Queen's University MMAI "Capstone Project" Team Project

HelloFresh – AI-Driven Visitor Intent Prediction

Optimizing Conversion Rates Through Clickstream Data Analysis & Machine Learning

Date: July 20th, 2022

Overview & Business Challenge:

For any online business, particularly subscription services, maximizing the conversion rate of website/app visitors into paying customers is crucial for ROI and sustainable growth. A common challenge is understanding and mitigating visitor abandonment before a desired action (e.g., subscription) is completed. This project aimed to address this by developing predictive models using clickstream data to identify, in real-time, a user’s likelihood to convert, thereby enabling targeted interventions to improve conversion rates and reduce wasted marketing spend.

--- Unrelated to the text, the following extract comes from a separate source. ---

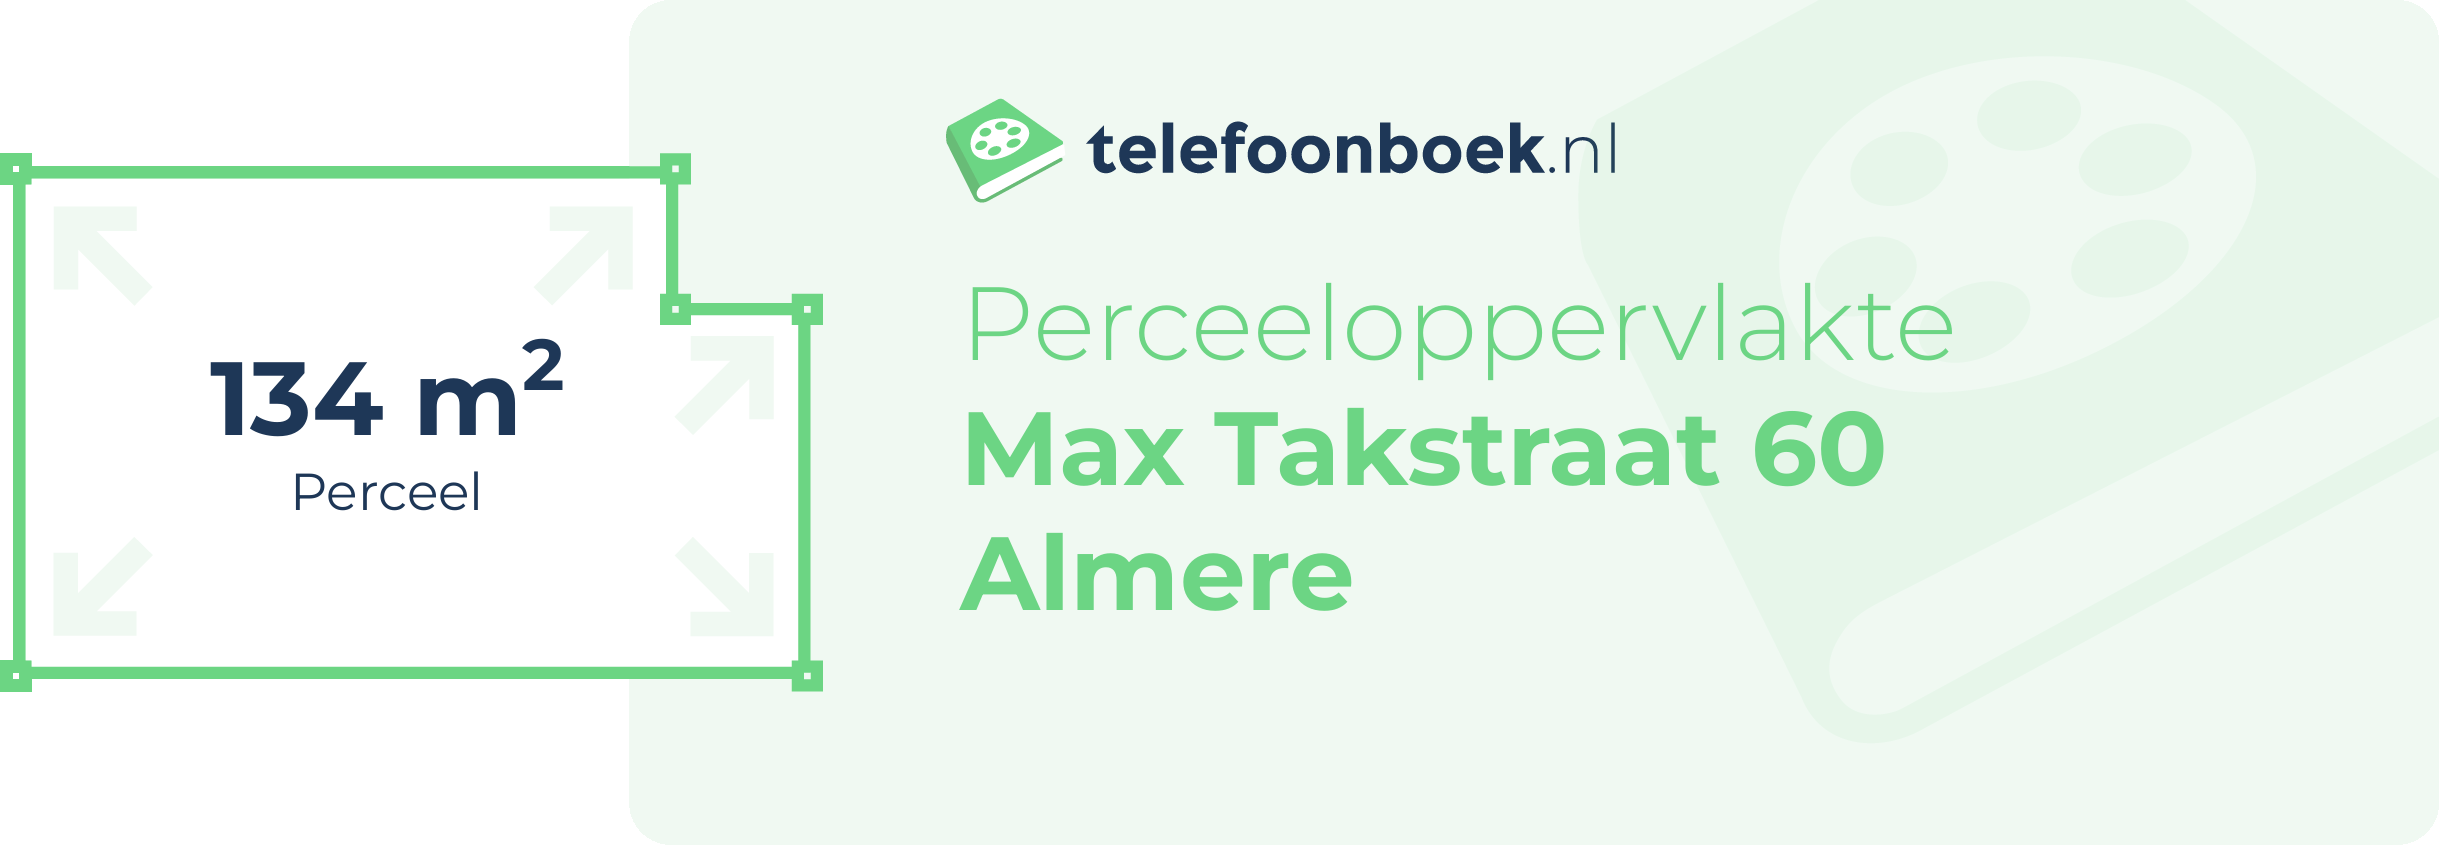 Perceeloppervlakte Max Takstraat 60 Almere

Approach & AI/ML Methodology:

  • Data Foundation: Analyzed 2.5 million rows of raw clickstream data (from BigQuery) representing 26,000 unique customer journeys on a leading subscription service platform.
  • Extensive Data Engineering: Performed comprehensive data cleaning and feature engineering to transform raw user “hits” into meaningful features. This included:
    • Indexing unique customer journeys.
    • Dimensionality reduction for high-cardinality features (e.g., “screen_name”).
    • Creating aggregated statistical features (for shallow models) and sequential features (for LSTM) representing user behavior patterns.

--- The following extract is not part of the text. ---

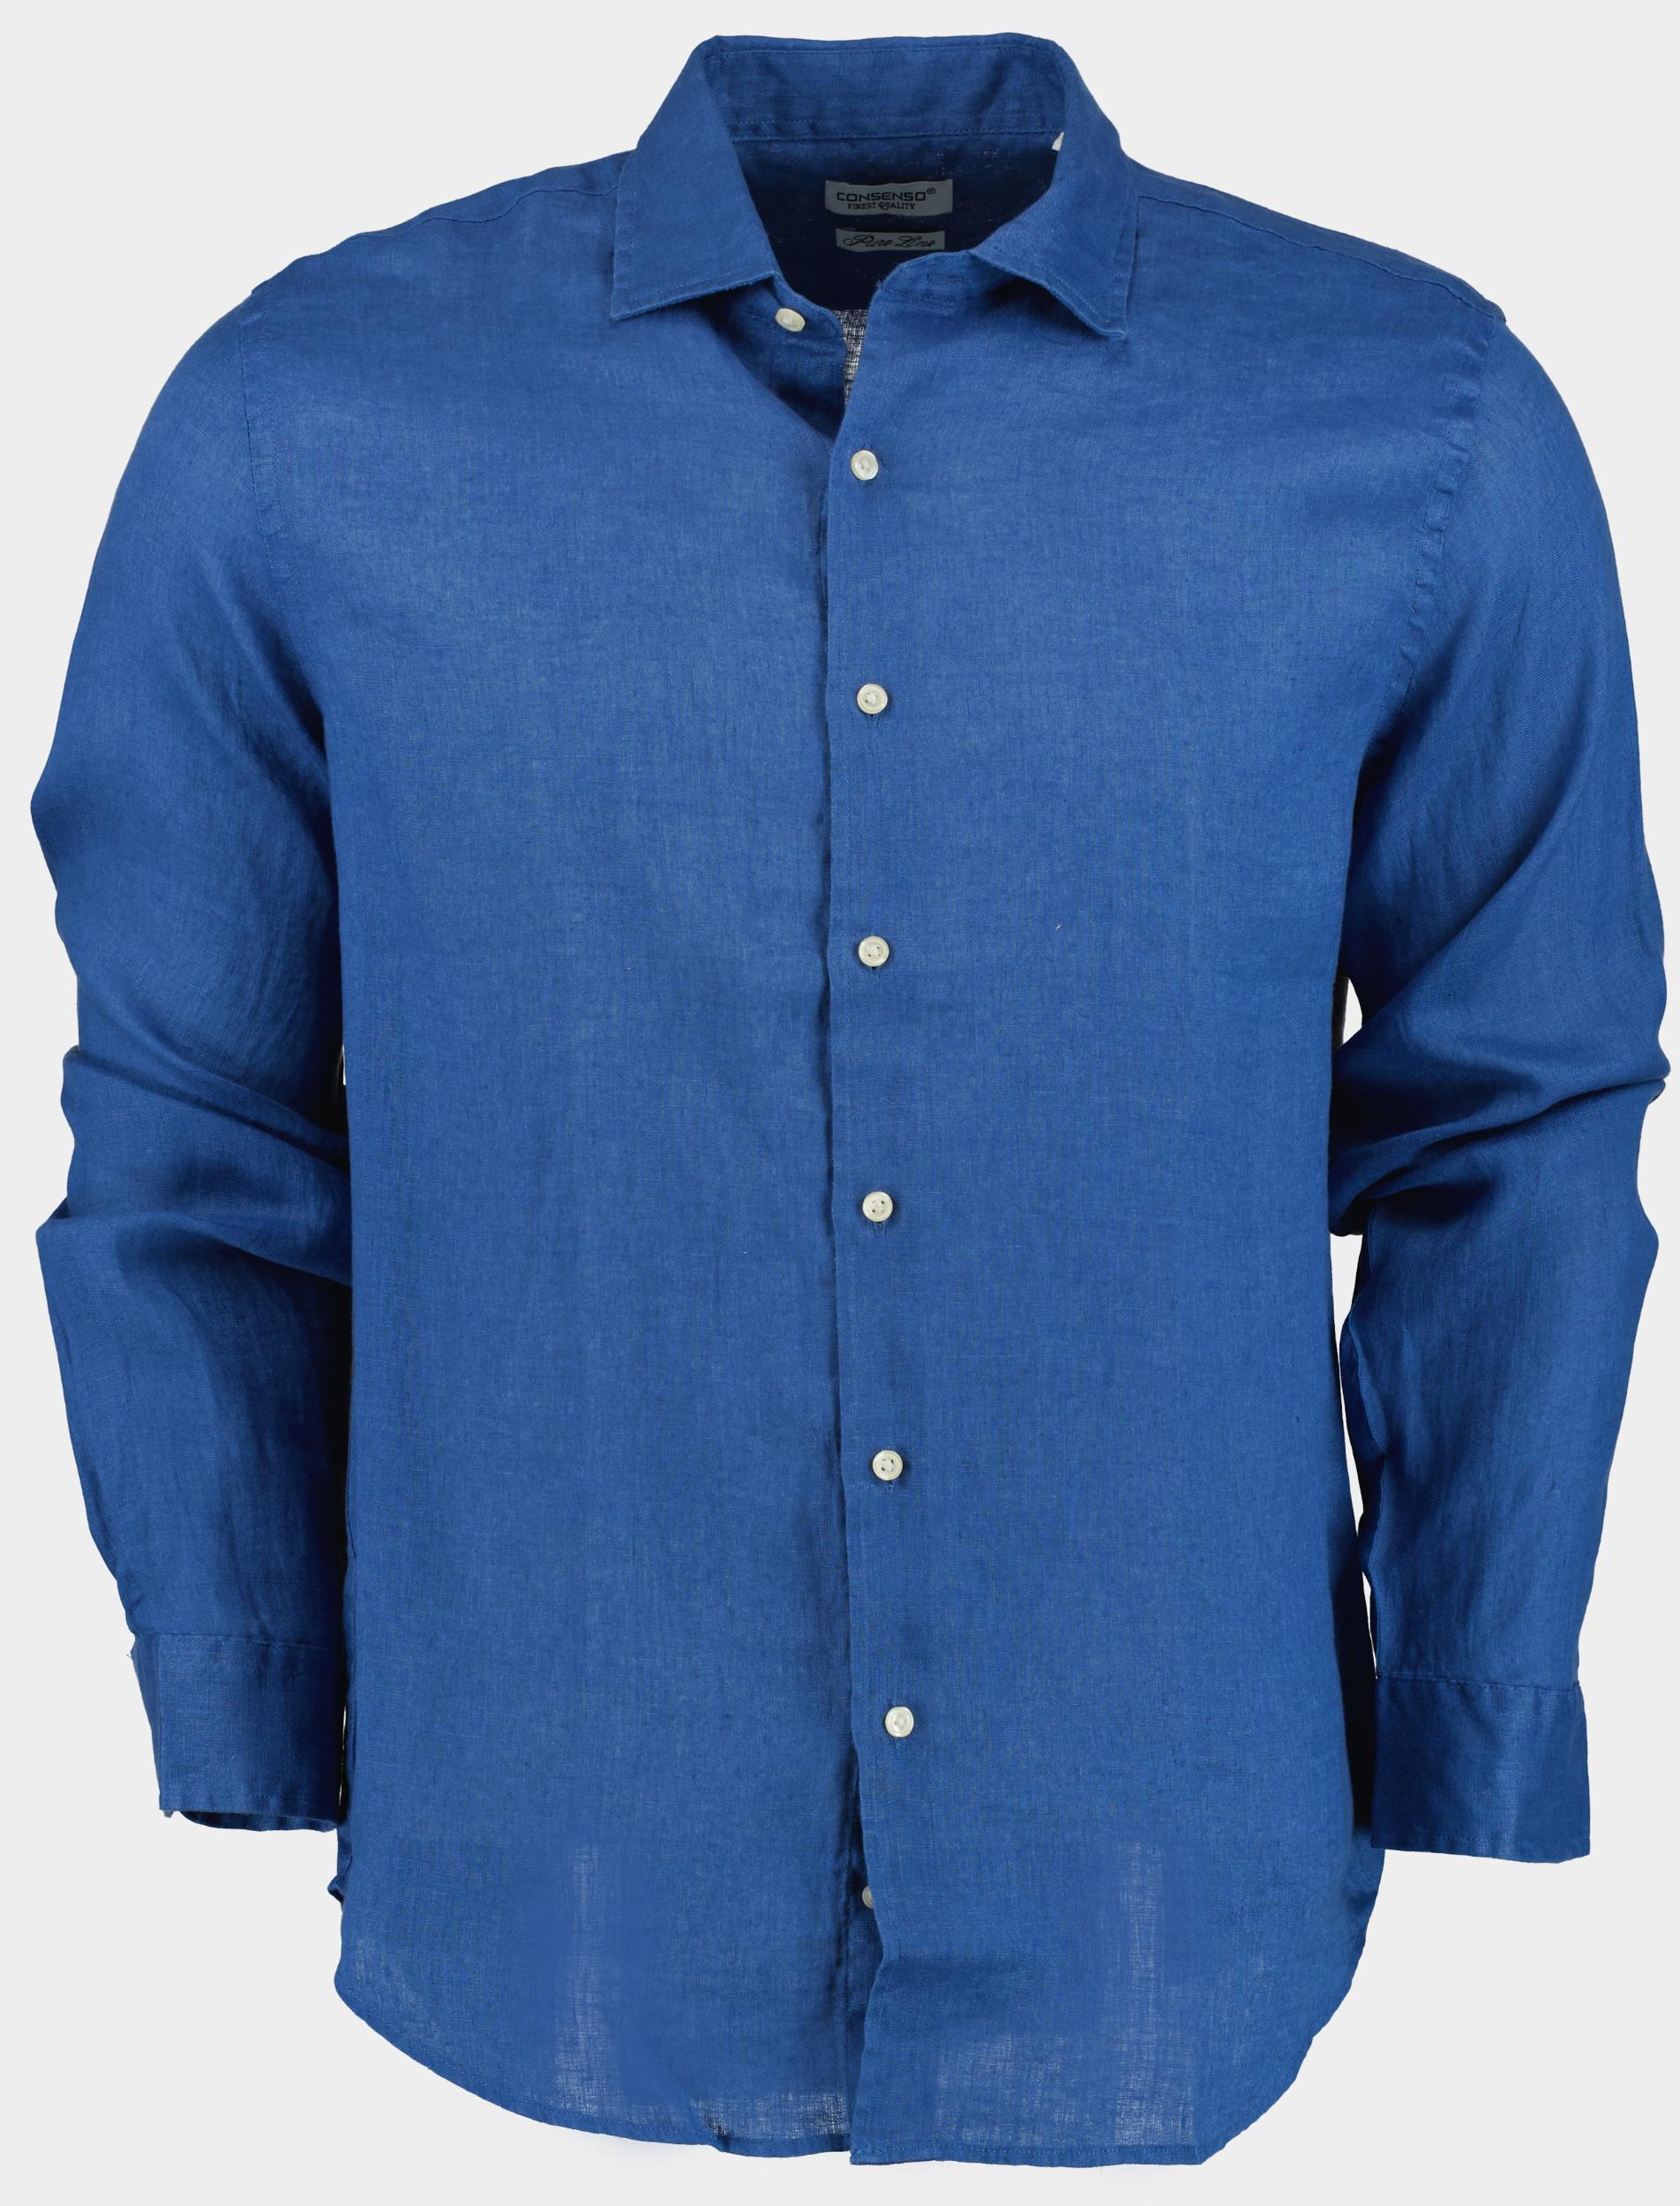 Consenso Casual hemd lange mouw Blauw Camicia 9432900/293

Predictive Modeling (Dual Track):

  • Shallow Machine Learning (Adjusted Statistical Behavior Predictive Method – ASBPM):
    • Utilized ensemble models like CatBoost on engineered statistical features.
    • Achieved a strong ROC AUC of 0.8715, demonstrating the ability to predict conversion intent without data leakage.
  • Deep Learning (LSTM Method):
    • Developed a Bidirectional LSTM (BiLSTM) model to capture the nuances of sequential user behavior.
    • The BiLSTM model (using 55 hit steps) achieved an F1-macro score of 87% and ROC AUC of 0.875 (earlier tests showed 0.905 with 50 steps), indicating high predictive accuracy, especially when addressing data imbalance with SMOTE.

Rigorous Model Evaluation: Assessed models using ROC AUC, Precision-Recall AUC, and F1-Macro scores to ensure robustness.

Key Outcomes & Business Impact:

  • High-Accuracy Intent Prediction: Developed models that accurately predicted a user’s likelihood to convert or abandon their journey.
  • Real-Time Intervention Capability: The models provide probabilities of abandonment, enabling businesses to:
    • Identify at-risk users in real-time.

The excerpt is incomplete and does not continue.